A glimpse at a true superphone

17.01.2007
IPhone, along with ultra-converged handsets shown at CES (Consumer Electronics Show) from Nokia, Samsung, and others, all look like the devices I have longed to bring with me on the road. Finally, I've got a shot at that mobile Holy Grail: a device that gives me the freedom to leave everything else at home, a device that's as useful in my kitchen on my wireless LAN as it is in a taxicab on the cellular network. I am the perfect customer for superphones except for one apparently hard-to-meet demand: A mobile messaging device, no matter how fancy, must meet the standard set eight or nine years ago by the two-way pager.

BlackBerry's primitive roots, like our own, are responsible for its survival. The modern BlackBerry is an adaptation of BlackBerry's original two-way pager, which operated on the dedicated (not cellular) low-speed networks used to carry simple numeric pages. The paging networks were updated to increase bandwidth and to create upstream channels for data coming from handsets. Emergency workers at the World Trade Center and Hurricane Katrina disaster sites would have been cut off from co-workers without seemingly archaic paging networks and devices that link to it. Cell networks crowd rapidly and are overly sensitive to buildings and interference. A BlackBerry equipped solely for paging networks shares the core features, look, and feel of the predominant BlackBerry phone/messenger that runs on cellular data network, and except for the color display, shape, and auxiliary features, the BlackBerry has not changed since it was a pager.

Let's make a distinction between the popular and misused phrase "push e-mail" and what I'll call guaranteed messaging. BlackBerry provides guaranteed delivery of messages, reliable and immediate device presence detection, and automatic message queuing at the wireless network (as opposed to Internet mail server) level, all made possible by a hub-and-spoke topology. The hub is BlackBerry's NOC (Network Operations Center), and the spokes are wireless operators. All traffic to and from BlackBerry devices is routed by cellular carriers through the BlackBerry NOC. As you wander in and out of tower range and as signal strength changes, the network and the device adapt to move as much data as they can, at whatever speed they can, constantly and in the background. You never get a fragmented or garbled message, and you get immediate acknowledgement on your device when your outgoing message has reached the NOC and is queued for delivery.

Push e-mail often refers to a technique of using SMS (short message service) to notify your phone that it's time to pull e-mail from your inbox. The message that you need to see might be number 80 of the 118 messages awaiting you on your mail server. If your plane pushes back in the middle of downloading message number 78, what happens when you land five hours later is determined by your device's firmware.
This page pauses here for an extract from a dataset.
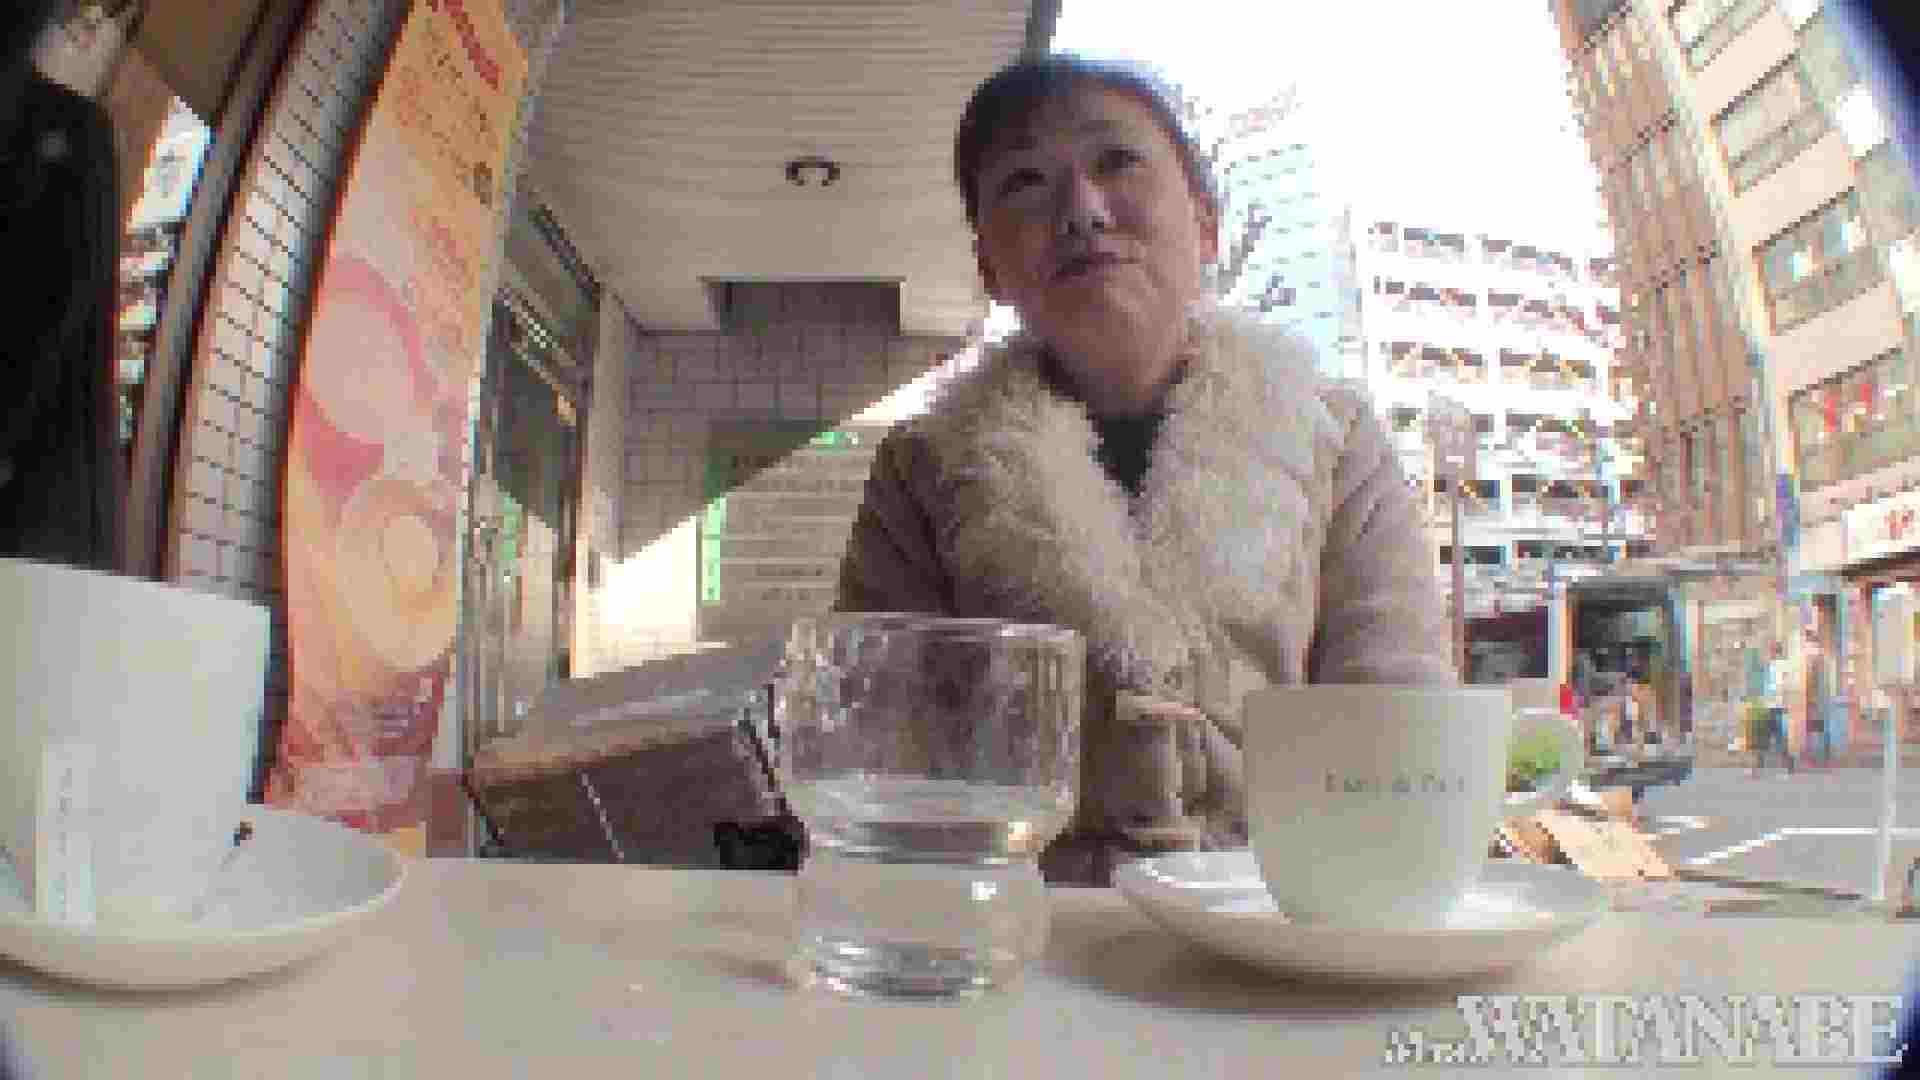 撮影スタッフを誘惑する痴熟女 かおり40歳 Vol.01 熟女  112連発 54

Every new BlackBerry message, not merely a notification of its availability, is delivered the instant it hits the NOC if you're in-network, or the message waits at the NOC for your BlackBerry to appear on the cellular network so that message transfers can pick up precisely where they left off. That's exactly what I need, and the fact that millions of BlackBerry users have eschewed fancier phones indicates that they need it, too.

At the iPhone announcement, Steve Jobs said that Apple's superphone will use a push e-mail service provided free by Yahoo. Maybe Yahoo has advanced messaging to improve on nine-year-old concepts. I'm ready. So very ready. But to date, the closest I've seen to BlackBerry requires proprietary and expensive behind-the-firewall or third-party-hosted services. BlackBerry has the advantage, unfair if you choose to see it as such, of ubiquitous buy-in by wireless operators, without whose engagement the BlackBerry network would not function. Operators had to add equipment, plans. and support services to their networks to make BlackBerry work. That's effort that operators aren't likely to take up again for another player, even to sell ultramodern, pretty, and expensive phones.
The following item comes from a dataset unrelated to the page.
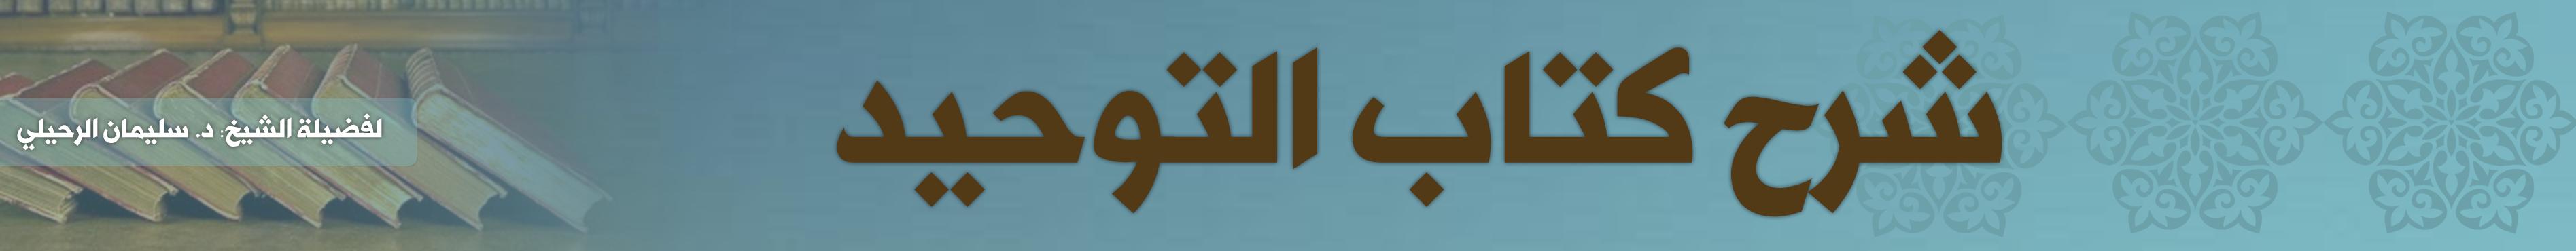 شرح كتاب التوحيد للشيخ سليمان الرحيلي

BlackBerry does license its technology as software to handset makers, and by the vendor's telling, for free. But it isn't used as bragging rights because, after all, turning your smartphone or superphone into a BlackBerry risks that your customer's next device will be a BlackBerry. I'm sure that a new solution, one that reaches beyond the concept of two-way paging and yet works the instant you remove your device from its box, is out there in someone's imagination. I can imagine solutions myself, but my imagination can't push past the limitations of the cellular data network and Internet e-mail protocols. My challenge to phone manufacturers is this: Replace my BlackBerry, please. And let me leave my notebook at home for one trip in three.